Ainsi, pour la robe noire, dans un entretien accordé à Vox pop, "la police doit faire une introspection à travers cette affaire, qui doit être fondatrice, de son point de vue, d’une nouvelle démarche qui consiste à concilier l’impératif de sécuriser les citoyens, de faire appliquer la loi, de mener des enquête mais tout en respectant les droits fondamentaux de la personne. Rien ne pouvait envisager ou permettre ce qui s’est passé à partir du moment où vous venez chercher une personne, qui vous décline son identité, qui vous dit, ’’donnez-moi le temps de m’habiller’’. Vous lui dites ’’vous n’allez pas vous habiller’’, et on vient, on essaie de le neutraliser, de lui mettre des menottes, sans (vérifier) son identité. Pour vous dire pour ce qui s’est passé est rocambolesque et injustifiable."

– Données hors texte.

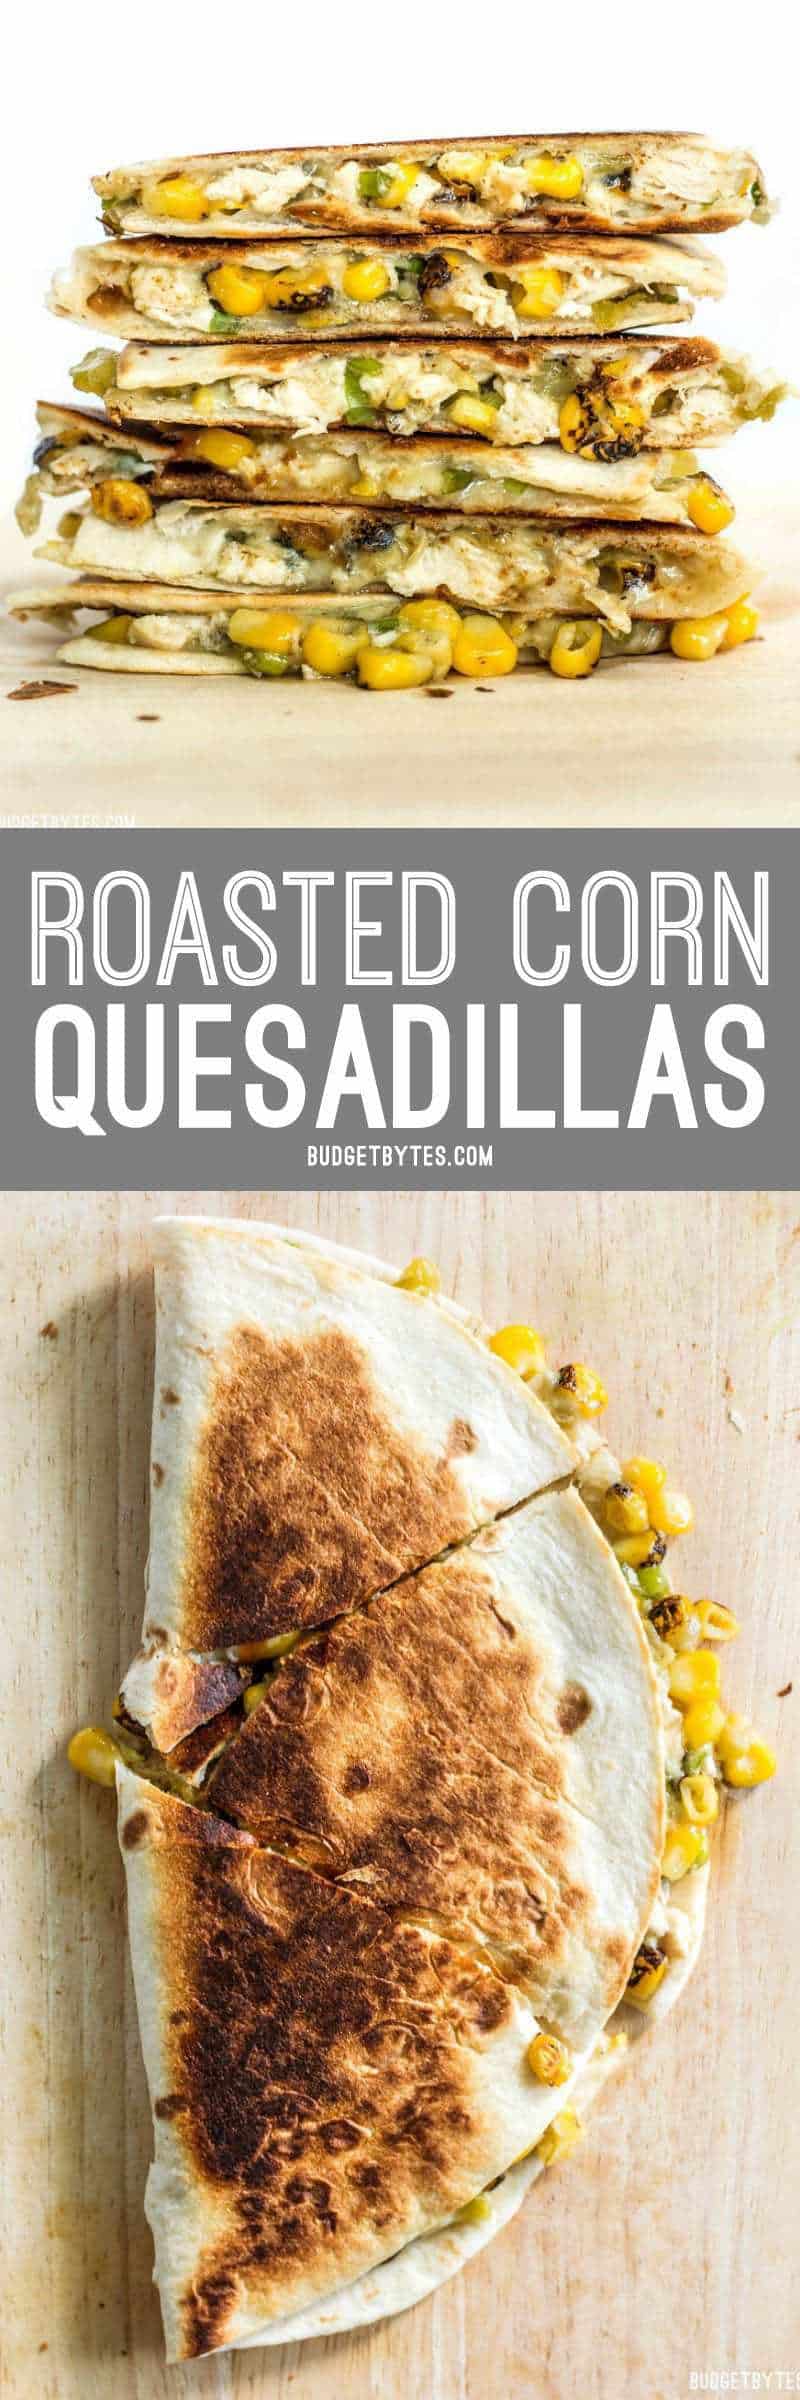 These smoky Roasted Corn Quesadillas are a fast and filling lunch that can be kept in the freezer for a fast meal or snack. BudgetBytes.com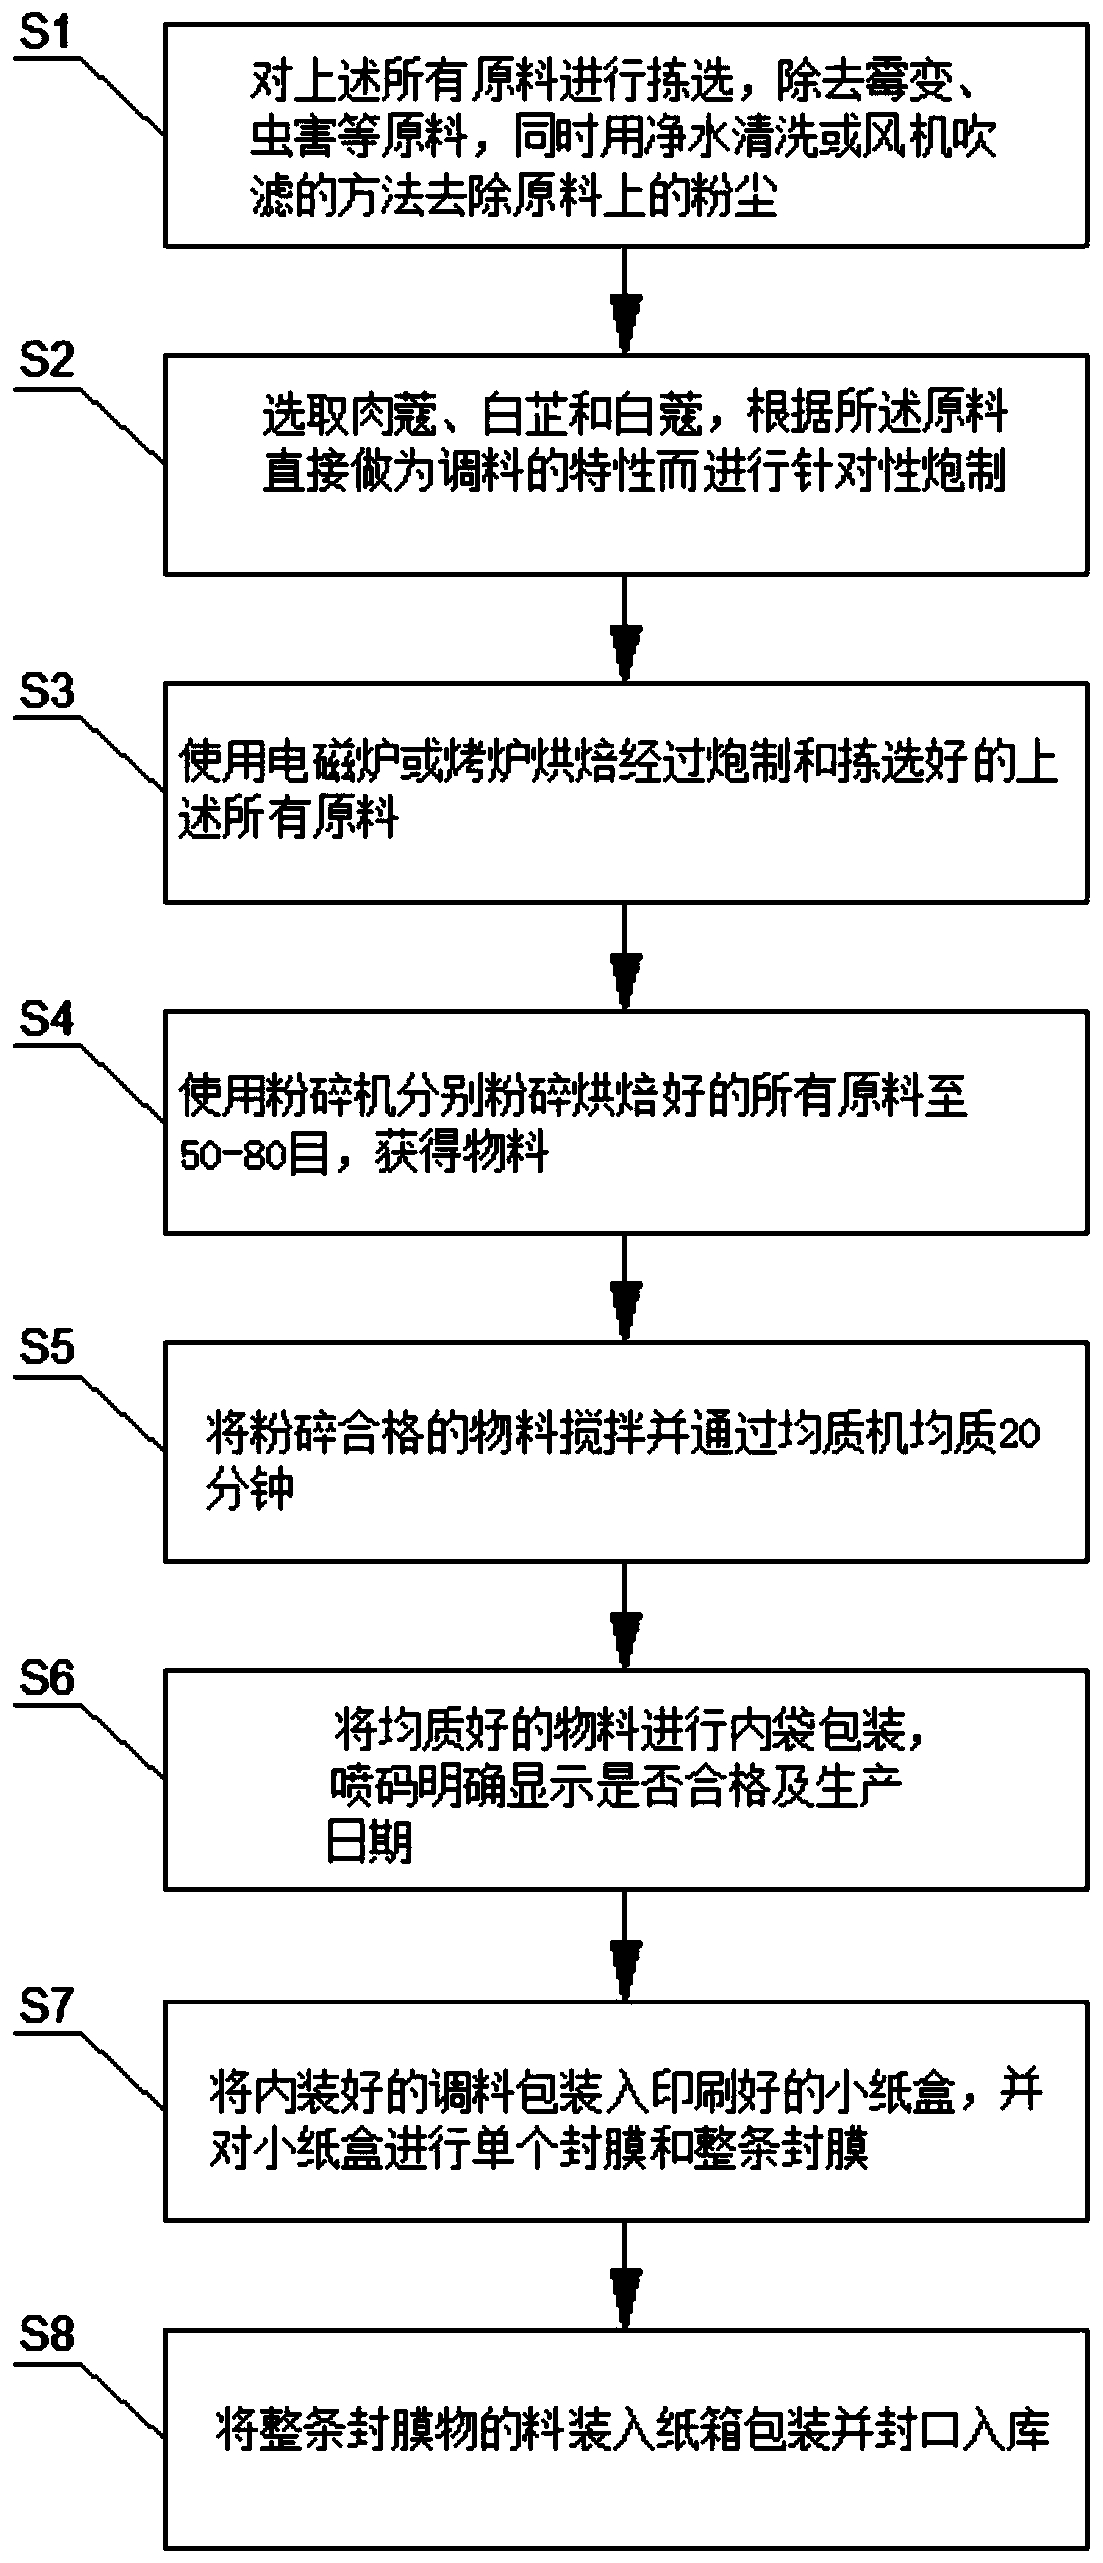 Formula and preparation method of plant condiment with medicinal food effect

D’autant plus qu’"il y a un certain nombre de bavures qui n’ont pas été élucidées, appuie-t-il. Il y a l’affaire du commissariat de Thiaroye, le jeune Sarr, qui a été, d’après sa famille, torturé. Jusqu’à ce jour, il n’y a pas eu de procès. Il y a le jeune commerçant Diop à la Médina. Nous ne sommes pas au courant d’une procédure à ce sujet, (alors qu’il) est décédé des faits d’une action de police. Il y a évidemment d’autres actions que nous avons répertoriées, documentées. Et, au-delà, il y a des affaires qui ont connu des épilogues. Je veux parler des affaires Bassirou Faye, Domingo Lopy à Kaolack. Kécouta Sibidé à Tamba et d’autres que nous avons suivies dont la plus récente, à Fatick, (concernant) les policiers qui ont été condamnés à la suite de la mort d’un jakartaman, il n’y a même pas dix jours. Donc, on ne peut pas occulter ces cas."

L’avocat est catégorique : "la police est indispensable mais il est important, quand des dérapages sont constatés, qu’on sente, de façon vigoureuse, l’action corrective au plus haut niveau." Pour l’heure, déplore-t-il, "on ne sent pas toujours, l’action corrective en dehors des affectations et des suspensions qui sont des sanctions administratives".